732.13no-faultCSC32::HADDOCKI'm afraid I'm paranoidMon Jan 27 1992 23:5117
    re .12
    
    My point about no-fault was that before no-fault, it was much harder
    for either party to cut-and-run.  If she did something really stupid,
    it was harder for her to come back on him for custody, support, etc.
    However, no-fault for all practical purposes means that woman has
    no-fault.  Now the man/father gets it stuck to him no matter who
    breaks up the marriage.  The only limiting factor is *her* ethics.

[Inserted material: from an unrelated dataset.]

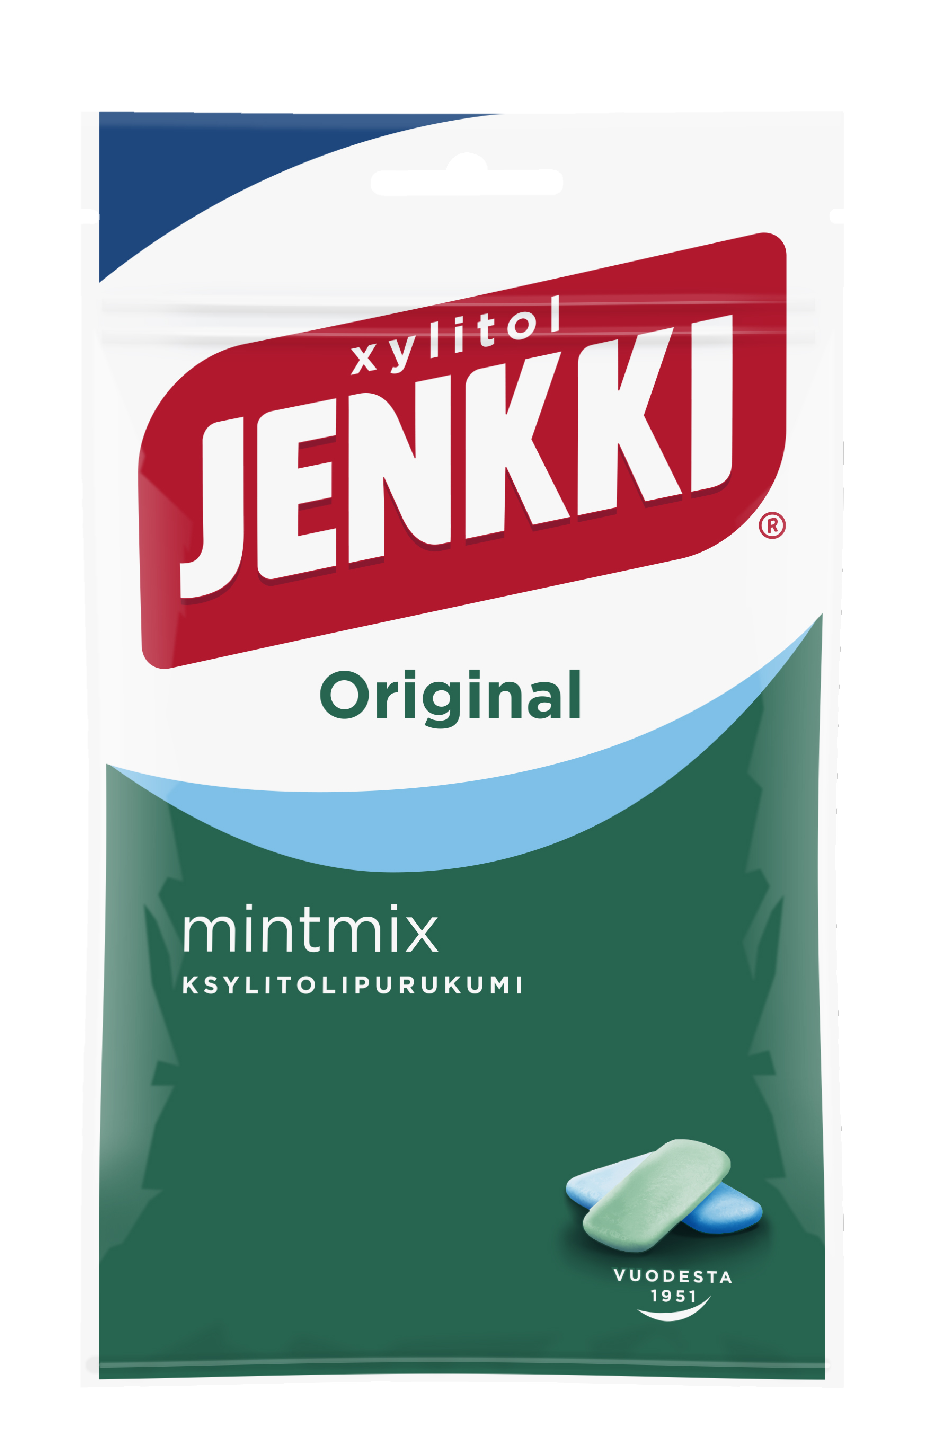 Jenkki Original mint mix ksylitolipurukumi 100g
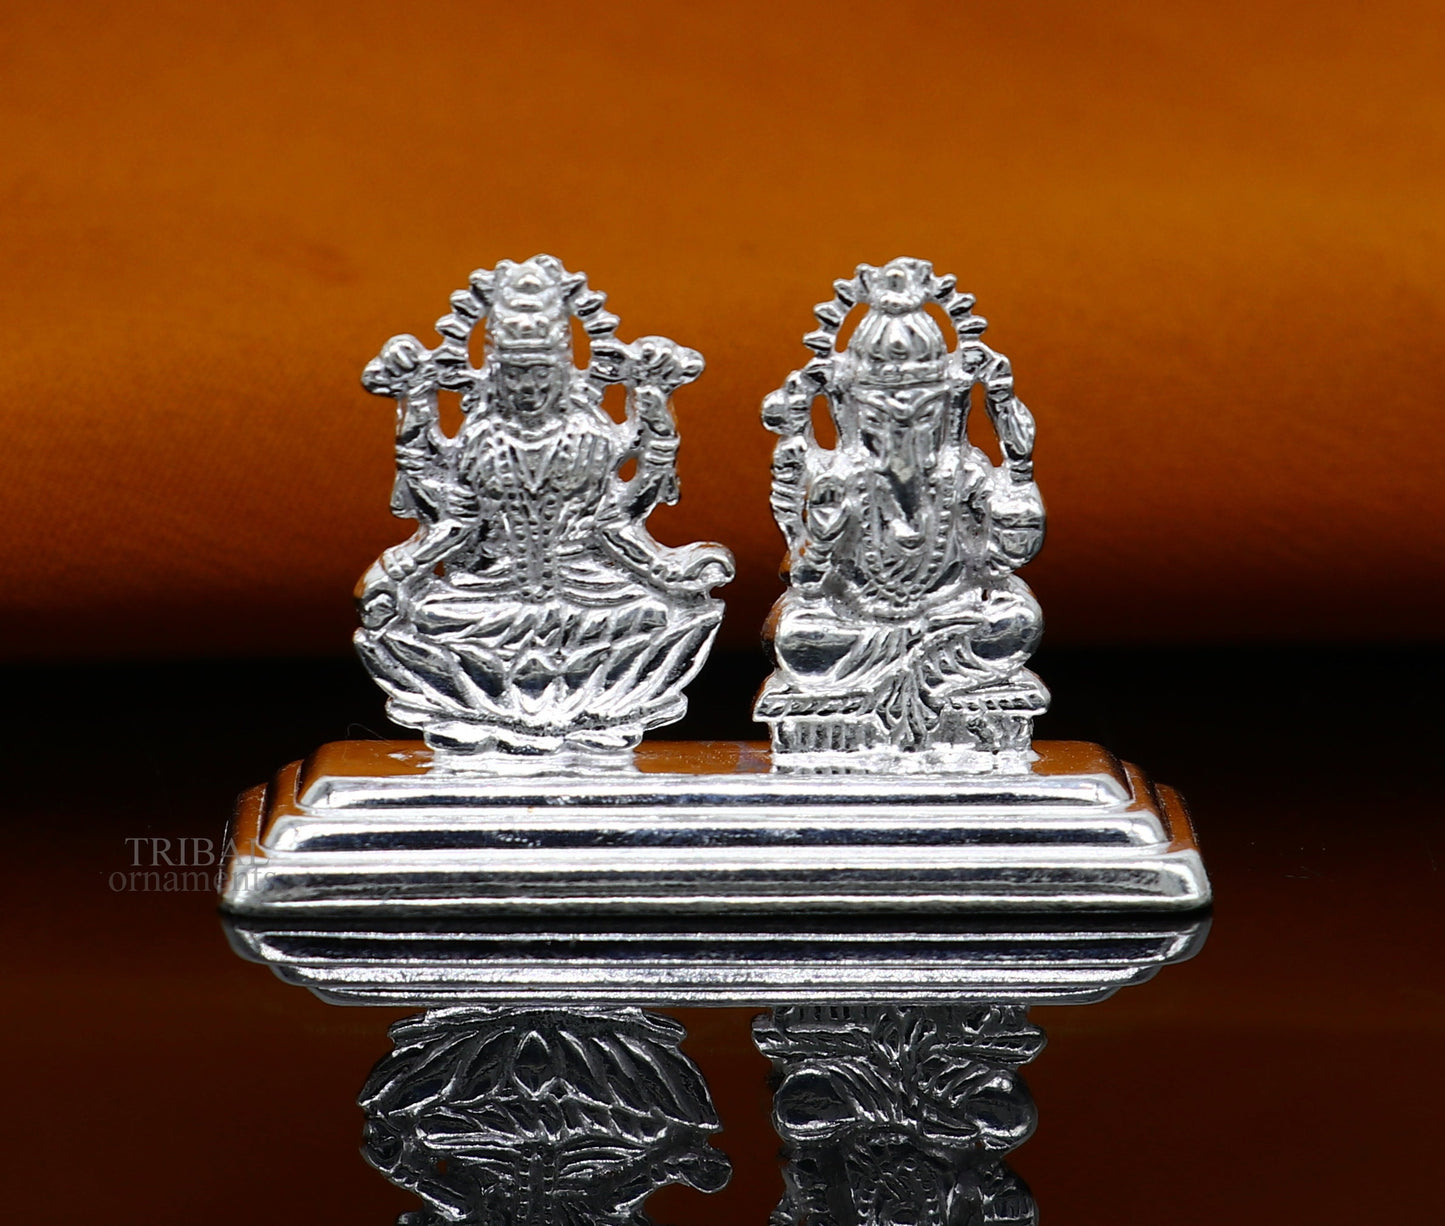 Solid Sterling silver handmade customized Hindu idols Laxmi and Ganesha statue, puja article figurine, home décor Diwali puja gift art456 - TRIBAL ORNAMENTS

    If she takes a wild hair to take off or kick him out and move her
    boyfriend in, there isn't diddly he can do about it but get ready
    to start paying "child support" and/or "spousal support".
    
    I didn't say that no-fault was to blame.  I said that it was an
    example of how the "abuses" agains women were addressed while 
    the "abuses" against men were left untouched.
    
    fred();
732.14lack of motivation??CSC32::HADDOCKI'm afraid I'm paranoidTue Jan 28 1992 00:0717
    
    On second thought maybe no-fault *is* to balame to a certain extent.
    
    I am not talking about the really abusive cases here or cases 
    where he really *is* a <bleep>.  I'm thinking of the wild-hair-up-
    her-<bleep> cases, but I wonder how many cases there would be where 
    *she* was more willing to try to stay and work out the problems
    of the marriage if she knew that *she* may loose everything she 
    had worked for all her life and spend the next 18 or so years
    being forced to work then having most of her paycheck confiscated
    for "child support".
    
    Not much incentive to work things out if she can get the kids, the
    house, the car, the savings, and most of his future income and eat 
    her cake too.
    
    fred();
732.15WMOIS::REINKE_Bseals and mergansersTue Jan 28 1992 17:1713
    in re .11
    
    A recent article about abortion mentioned that in over half of all
    abortions the couple involved used *no* birth control. It appears
    to me that consciencious use of birth control would seriously reduce
    the number of unwanted pregnancies. 
    
    I can recall went I was in college and it was nearly impossible to
    obtain contraceptives, (even condoms). I find it absolutely appalling
    that with contraceptives so easily available, and with STDs and
    AIDS such a serious problems that people don't use them.
    
    Bonnie
732.16STARCH::WHALENVague clouds of electrons tunneling through computer circuits anSun Feb 09 1992 13:5212
    On NPR's Sunday morning radio program I heard Gloria Steinham say the
    following:
    
    	"20 years ago (the leap forward) was to show that women can do what
    men can do, now the leap forward is to show that men can do what women
    can do."
    
    This was followed by a discussion on parenting.
    
    Perhaps making this leap forward would do a lot to help this problem.